At the age of 43, Lebanese-Australian Cindy Moussi thought she had it all. Her son was grown up and independent, so it was time for a gap year – a year to step off the fast track and consider life’s deeper meanings, to figure out where to go from here.
So, she left her fast-paced life in Sydney and moved to her country HOME, a HOME she had built but never lived in. She imagined simple days of yoga and gardening, maybe even taking a trip to walk the Camino de Santiago.
There was one problem. She had not expected the feelings slowing down would release. First came the exhaustion, then the anxiety. Cindy wrote Beyond Superwoman to try to understand “how this could happen to me.”
“Don’t give a book talk if you have anxiety,” said Cindy Moussi wryly. The author of Beyond Superwoman spoke to a full house at Aliya’s Books in Gemmayzeh. Tall, with beautiful, thick, curly, silver hair, long legs and a tiny waist, at 47, she looks more like a runway model ready to talk about a glamorous career in fashion. But, in fact, this moment was the culmination of nearly two years of exploring through writing – what is going on with me?
Cindy, who was born in Lebanon and lived here from ages 7 to 12, came back HOME for an extended visit to hike the mountains of Lebanon and to finish writing her book, which she began in Australia. On that evening in February, at the book talk, she shared passages and openly answered questions.
A few days earlier, HOME met Cindy at her childhood HOME in Bouar, a quiet coastal town in the Mount Lebanon district. She spoke candidly about her remarkable journey and why writing this book was a crucial part of her self-discovery and healing.
Born in Beirut, Cindy spent her early childhood in Lebanon during the Civil War. She moved to Australia as a teenager.
An overachiever by nature, she went on to excel in the corporate world as a management consultant and an executive coach. Cindy holds an accounting degree and has a doctorate in philosophy.
However, nine months into her gap year, she was gripped by crippling anxiety. Unable to comprehend what was happening, she began researching and writing about her personal experiences. In the process, she discovered that the pain is not just about her, but went deeper than that. It had family roots, which began in Lebanon.
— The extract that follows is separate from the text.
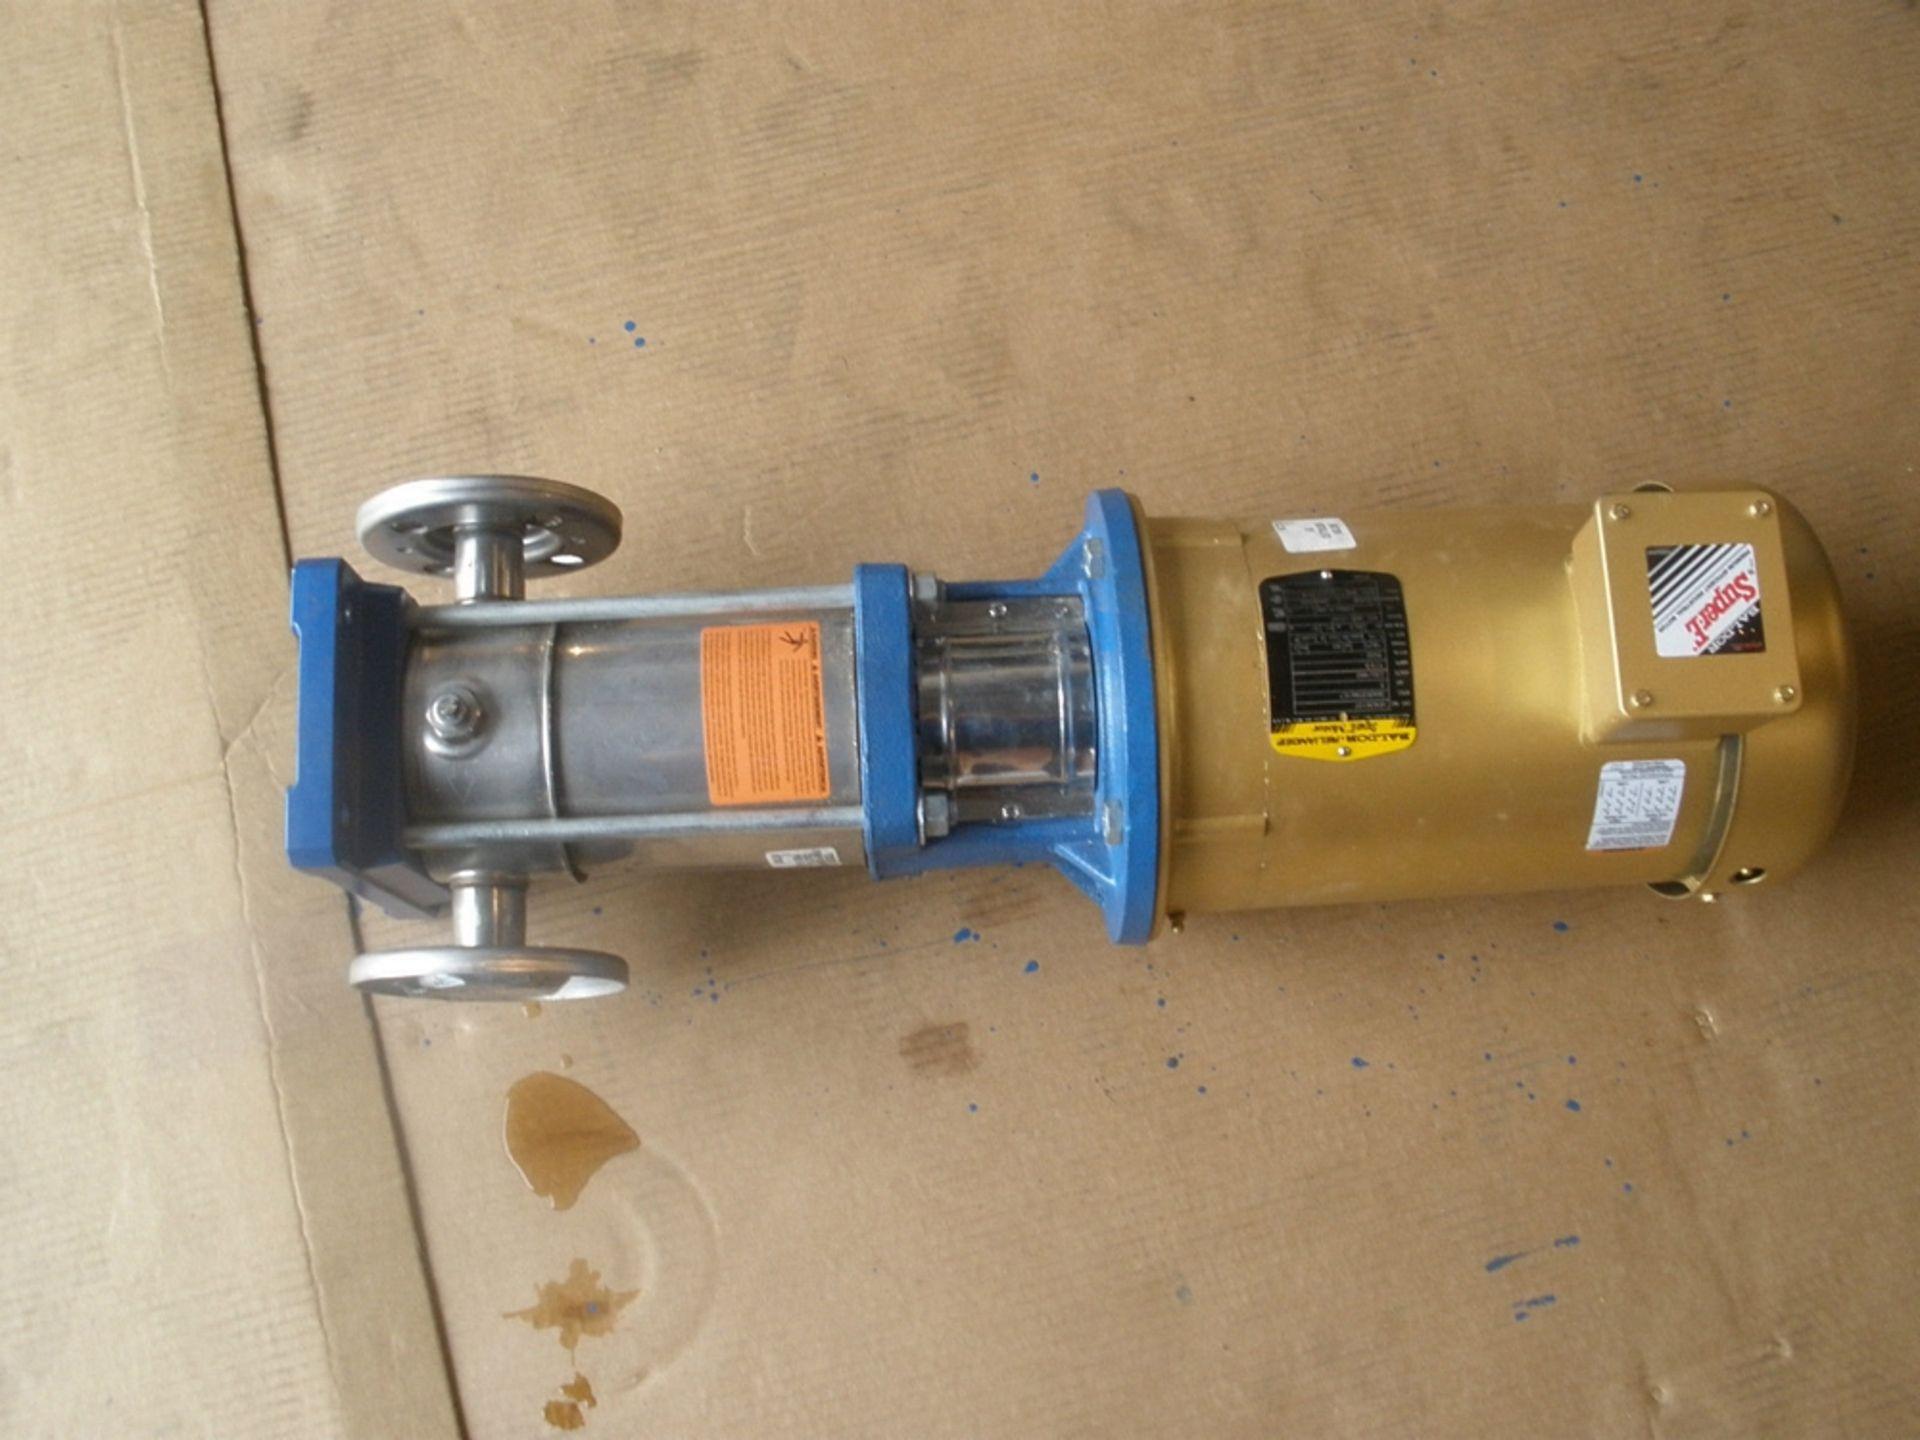 Lot 44 - Gaulds Pumps, ITT G&L Series SSV Catalog # 2SVB1H9E0, 3HP Baldor Motor 230/460v 3PH 7/35 Amps RPM

For Cindy, the symptoms of anxiety started with fatigue. “I was simply exhausted the first year,” she said. “I kept thinking if I just rest, it will get better; it didn’t.” Aside from the exhaustion, she had constant panic attacks that were completely debilitating. She lived in constant fear of them.
Her one year off turned into two as she felt she could not get her act together. “I felt deep shame,” she said. “I was too exhausted to consider full-time work and thought I should be able to. I thought I was going to run out of money. I feared I was going to lose everything I had built.”
Cindy sought professional help, and she was also deeply engaged in meditation and a spiritual path, which helped her repressed feelings come to the surface. She recalled how she felt like she was going crazy as the anxiety gradually escalated. The thought – How could this be happening to me? – continued to run through her mind.
“She learned anxiety was not something she could control.”
In 2014, when she was having the symptoms of fear, she watched a TED Talk on anxiety. Cindy recalled the speaker saying: “It’s fine to deal with depression, but it’s when the fear hits that I feel like I can’t go on any longer.” These words resonated deeply. The more Cindy learned from others and sought help, the more she began to comprehend her situation and come to terms with it.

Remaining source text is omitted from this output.